In the last topic you learned about atmospheric refraction — light bending through layers of air. That explained twinkling and the early sunrise. This topic is a different mechanism: not bending, but scattering — light bouncing off tiny particles and being thrown in every direction. Refraction makes stars twinkle; scattering paints the sky. Keep them separate — that boundary is the single most common mix-up in this chapter.
1. Present the physical scene
Picture this. It is the middle of a clear day. You are standing in your field, no clouds anywhere. You look up — not at the Sun, but at the empty sky beside it. It is blue. A deep, even blue, top to bottom. But here is the strange part: the Sun's own light is white. So if the light pouring down is white, where did all this blue come from? The empty air is not blue paint. So why is the sky blue?

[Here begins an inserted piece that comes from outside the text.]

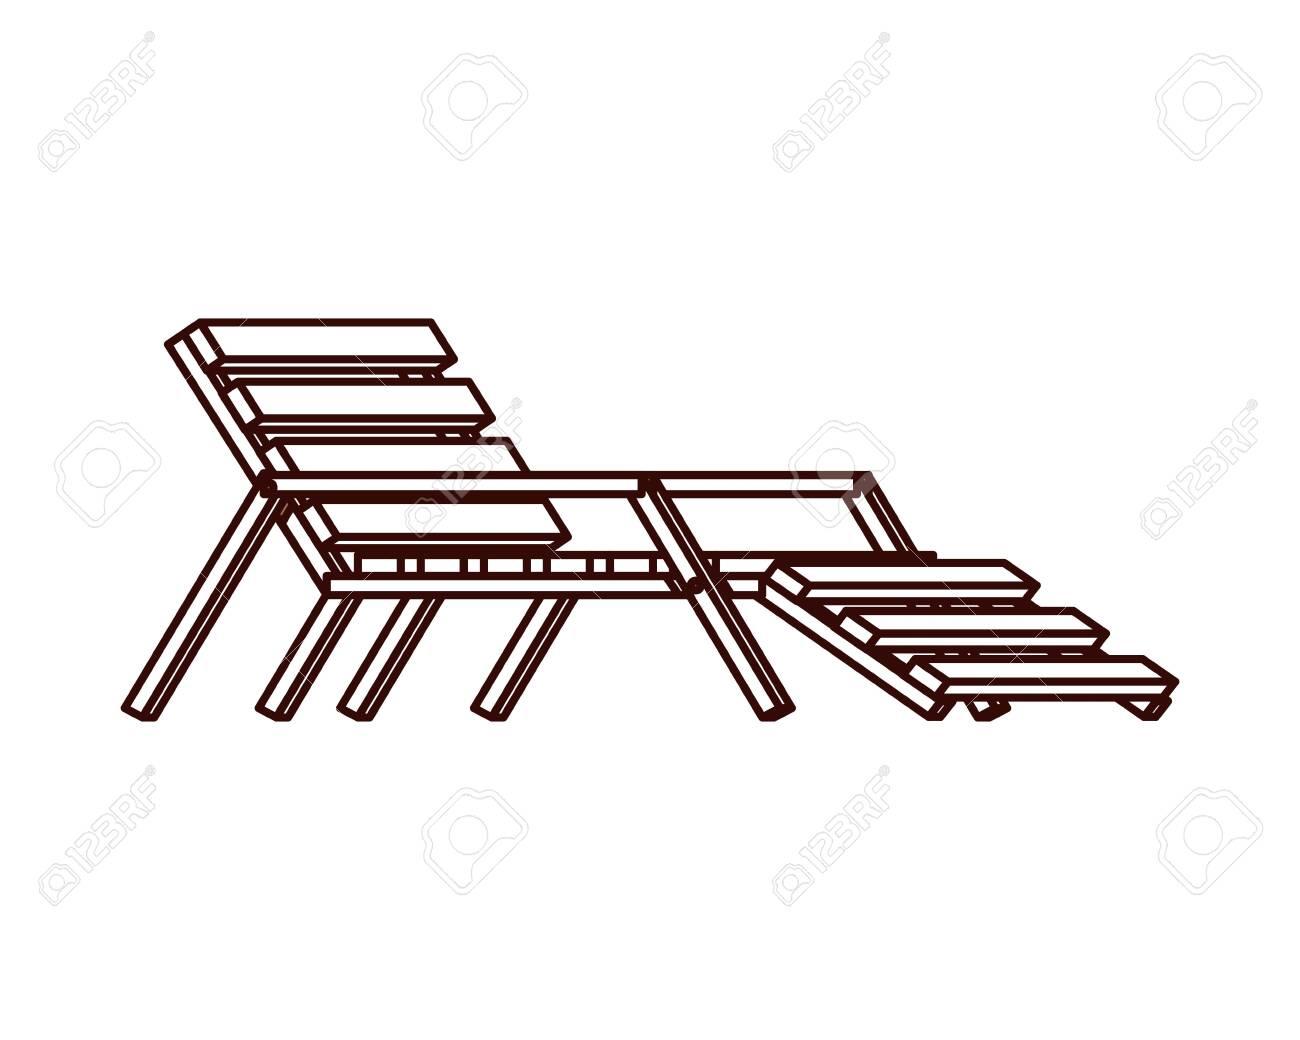 beach chair for sunbathing on white background vector illustration design - 124699803

Now picture the same place, twelve hours later. The Sun is sinking towards the horizon at evening. It is no longer white or yellow — it has gone deep orange, then red. You can almost look straight at it. The very same Sun that blazed white at noon is now a calm red ball. The Sun did not change. So what changed?
Stop scrolling. Try it in your head before reading on. White sunlight comes straight down all day. At noon the sky is blue and the Sun is white. At sunset the Sun is red. The Sun itself is the same. So the air must be doing something to the light on its way to your eye. What could the air be doing — and why would it do it differently at noon and at sunset?
(Answer: the air is full of tiny particles — air molecules, dust, water droplets. They take the incoming white light and throw it off in all directions. This throwing-off is called scattering. And here is the key: the air scatters the blue part of sunlight far more than the red part. That one fact — blue scatters more — explains the blue sky, the red sunset, and everything else in this lesson.)
You can now name the scene we are about to explain: white sunlight passes through air full of tiny particles, those particles scatter the light, and they scatter blue much more strongly than red.